在SecretFlow中加载csv数据#

下面的代码只是示例,由于系统安全问题,请勿在 生产环境中直接使用。

这篇教程会通过几个示例来展示,如何在SecretFlow中加载CSV数据,进而可以利用SecretFlow进行数据处理,建模。

设置#

[1]:
%load_ext autoreload
%autoreload 2
[2]:
import secretflow as sf

# Check the version of your SecretFlow
print('The version of SecretFlow: {}'.format(sf.__version__))

# In case you have a running secretflow runtime already.
sf.shutdown()
sf.init(['alice', 'bob', 'charlie'], address="local", log_to_driver=True)
alice, bob, charlie = sf.PYU('alice'), sf.PYU('bob'), sf.PYU('charlie')
2023-04-13 13:45:04,665 INFO worker.py:1538 -- Started a local Ray instance.

接口介绍#

我们在SecretFlow中提供了类似于pandas.read_csv的接口来将各方数据的CSV读取成为一个联邦概念的统一的数据。

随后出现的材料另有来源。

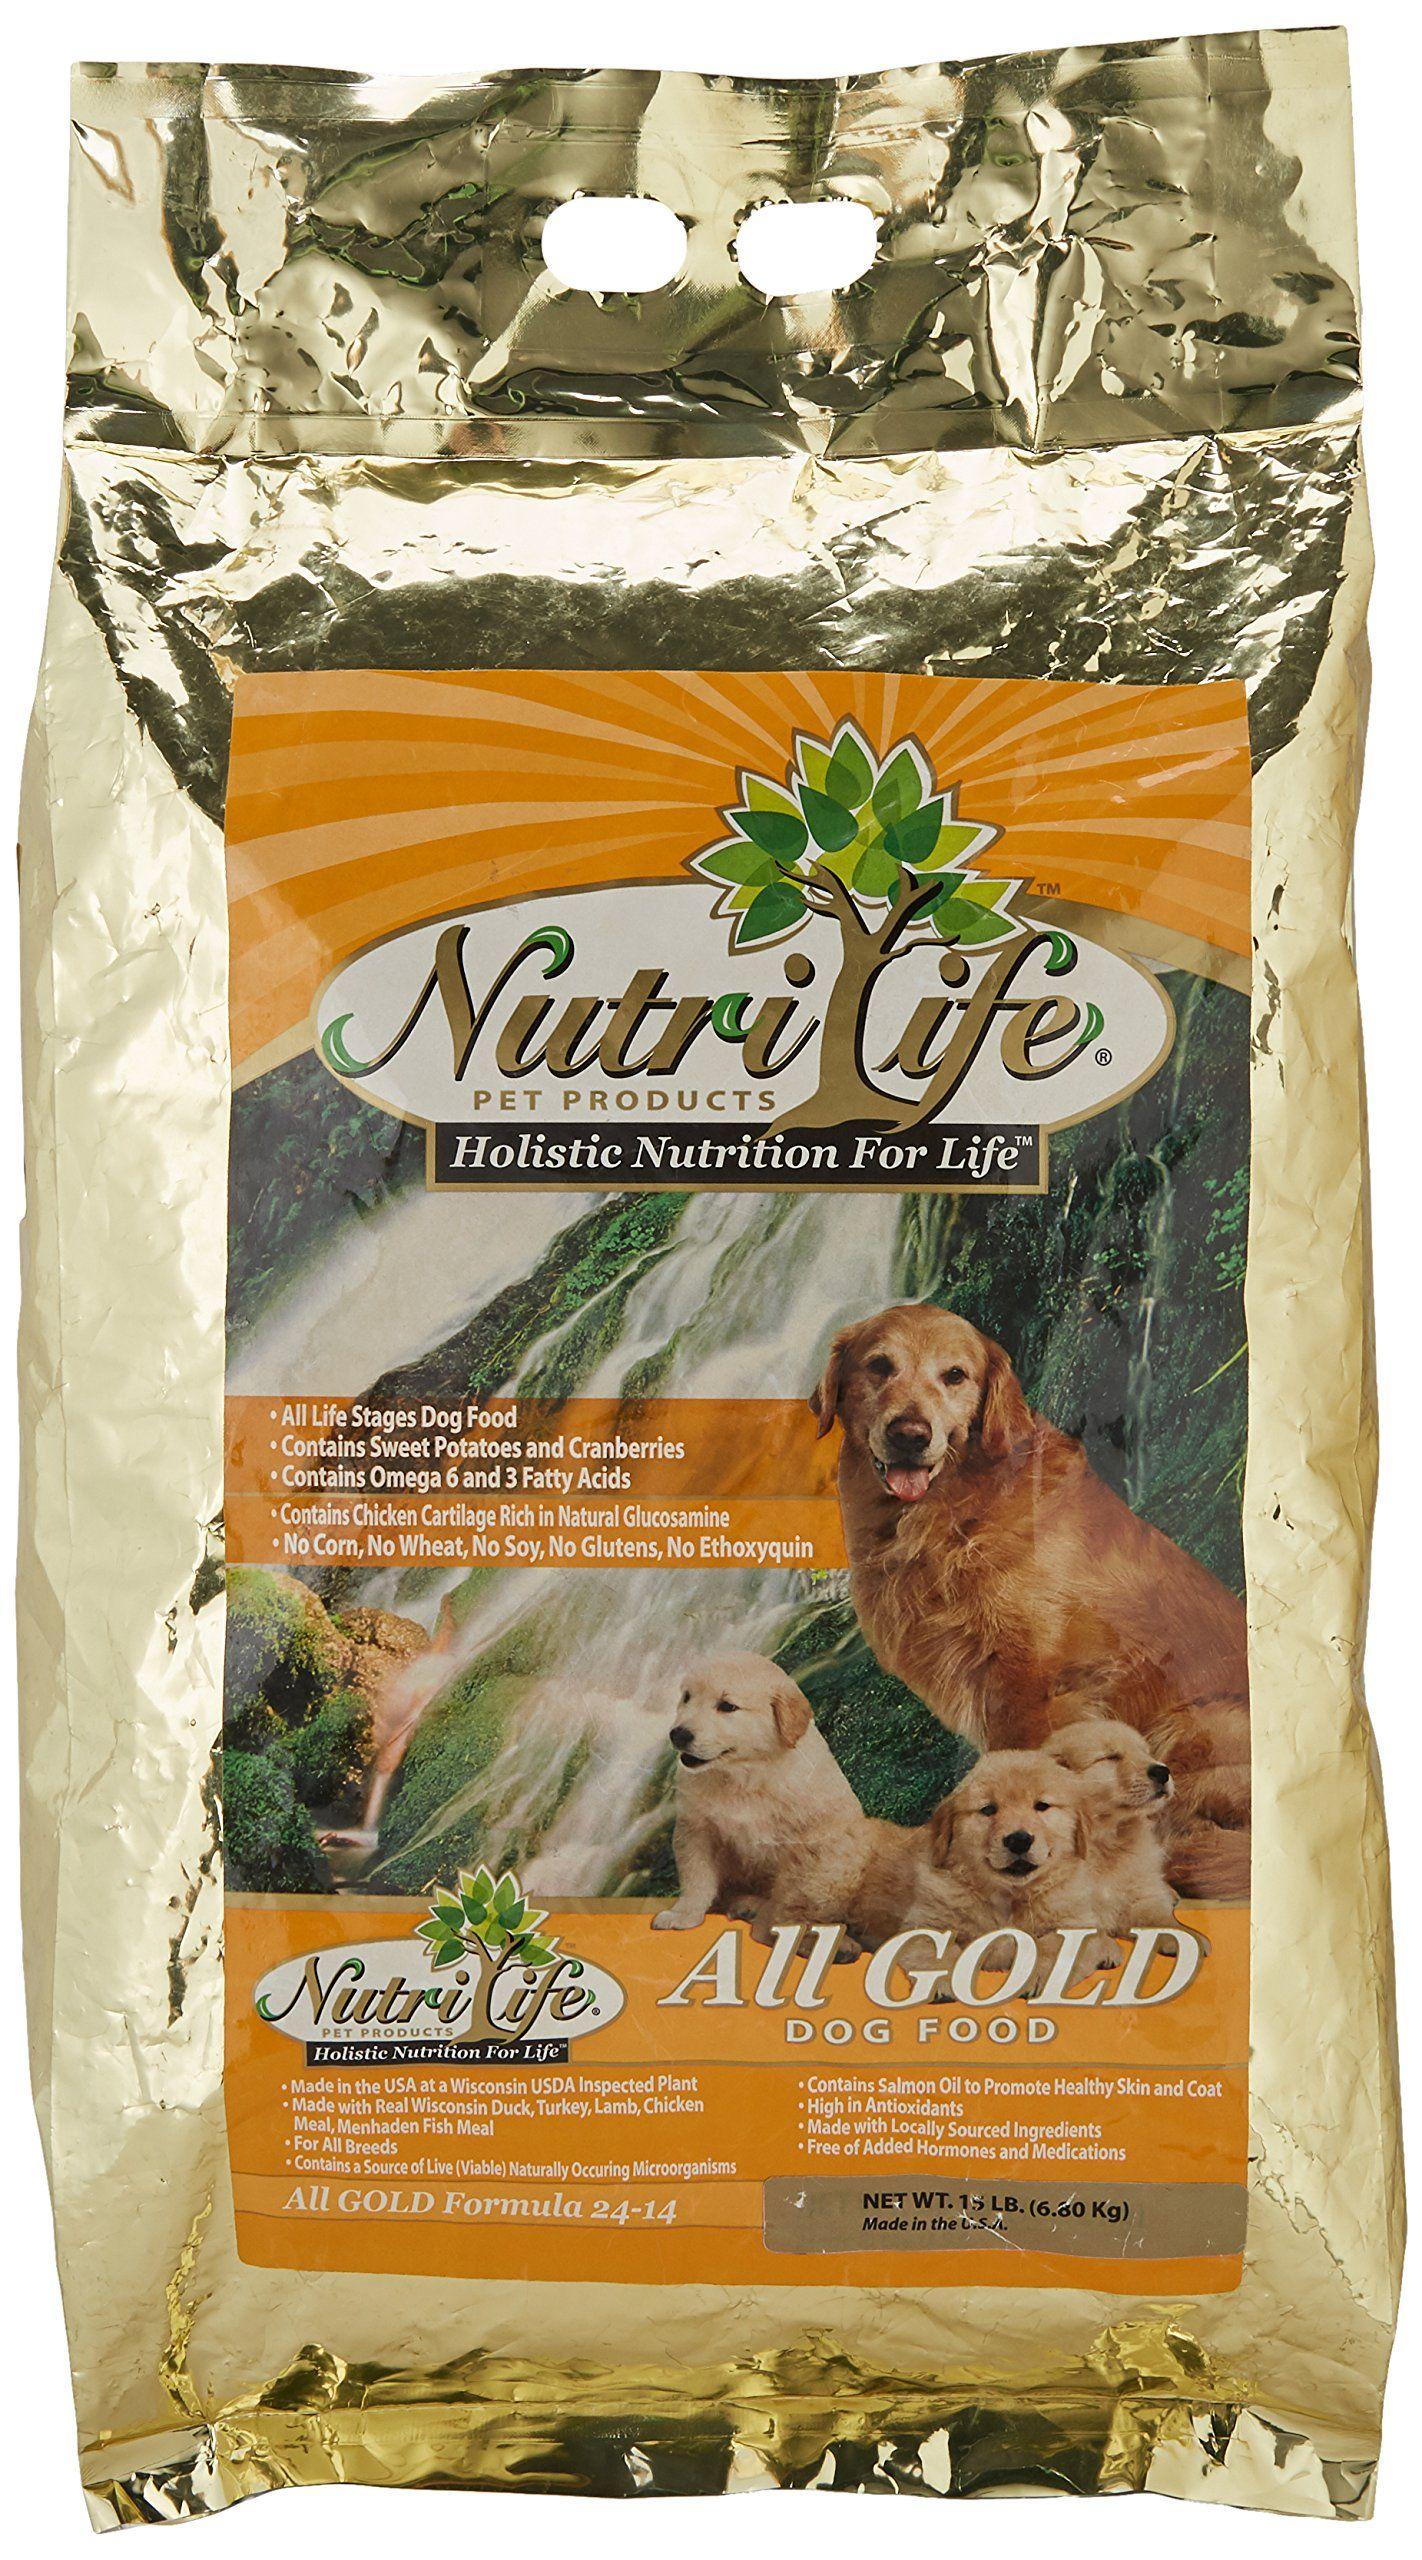 American Distribution Dogfooddry Dog Food Dry Food Dog Food

  • 对于水平场景有 secretflow.horizontal.read_csv API

  • 对于垂直场景有 secretflow.vertical.read_csv API

通过read_csv可以读取多方的csv文件,构成一个FedDataFrame。

构建联邦表
联邦表是一个跨多方的虚拟概念。
  1. 联邦表中各方的数据存储在本地,不允许出域。

  2. 除了拥有数据的一方之外,没有人可以访问数据存储。

  3. 联邦表的任何操作都会由Driver调度给每个Worker,执行指令会逐层传递,直到特定拥有数据的Worker的Python Runtime。 框架确保只有 Worker.device 和 Object.device相同的时候才能够操作数据。

  4. 联合表旨在从中心角度管理和操作多方数据

  5. 接口方面和 pandas.DataFrame 对齐,以降低多方数据操作的成本。

vdataframe.png

数据下载,分割#

[3]:
%%capture
%%!
wget https://secretflow-data.oss-accelerate.aliyuncs.com/datasets/iris/iris.csv
E0413 13:45:12.618292213  130484 fork_posix.cc:76]           Other threads are currently calling into gRPC, skipping fork() handlers
[4]:
import pandas as pd

alldata_df = pd.read_csv("./iris.csv")
[5]:
len(alldata_df)
[5]:
150
[6]:
h_alice_df = alldata_df.loc[:70]
h_bob_df = alldata_df.loc[70:]

将水平拆分后的dataframe分别保存成csv。

[7]:
# save the data to local file system
import tempfile

_, h_alice_path = tempfile.mkstemp()
_, h_bob_path = tempfile.mkstemp()
h_alice_df.to_csv(h_alice_path, index=False)
h_bob_df.to_csv(h_bob_path, index=False)
[8]:
v_alice_df = alldata_df.loc[:, ['sepal_length', 'sepal_width']]
v_bob_df = alldata_df.loc[:, ['petal_length', 'petal_width', 'class']]

将垂直拆分后的dataframe分别保存成csv。

[9]:
# save the data to local file system
_, v_alice_path = tempfile.mkstemp()
_, v_bob_path = tempfile.mkstemp()
v_alice_df.to_csv(v_alice_path, index=True, index_label="id")
v_bob_df.to_csv(v_bob_path, index=True, index_label="id")

接下来我们以水平为例介绍如何加载csv数据#

[10]:
from secretflow.data.horizontal import read_csv
from secretflow.security.aggregation.plain_aggregator import PlainAggregator
from secretflow.security.compare.plain_comparator import PlainComparator
from secretflow.data.split import train_test_split

首先准备好两方的数据csv文件,水平场景要求两方的schema是一致的。

  • Alice: datapath (alice机器能访问到的本地路径)

  • Bob: datapath (bob机器能访问到的本地路径)

因为水平场景相同schema的数据分布在多方,所以在进行一些dataframe操作的时候需要跨域计算。read_csv接口需要传入aggregatorcomparator,我们可以在计算的时候指定安全聚合器安全比较器来对数据隐私进行保护。

[11]:
path_dict = {alice: h_alice_path, bob: h_bob_path}

aggregator = PlainAggregator(charlie)
comparator = PlainComparator(charlie)

hdf = read_csv(filepath=path_dict, aggregator=aggregator, comparator=comparator)
[12]:
hdf.columns
[12]:
Index(['sepal_length', 'sepal_width', 'petal_length', 'petal_width', 'class'], dtype='object')

参考文档使用FedDataFrame进行数据预处理

[13]:
label = hdf["class"]
data = hdf.drop(columns="class")

得到的datalabel即可以作为输入传入FLModel或者SLModel进行建模。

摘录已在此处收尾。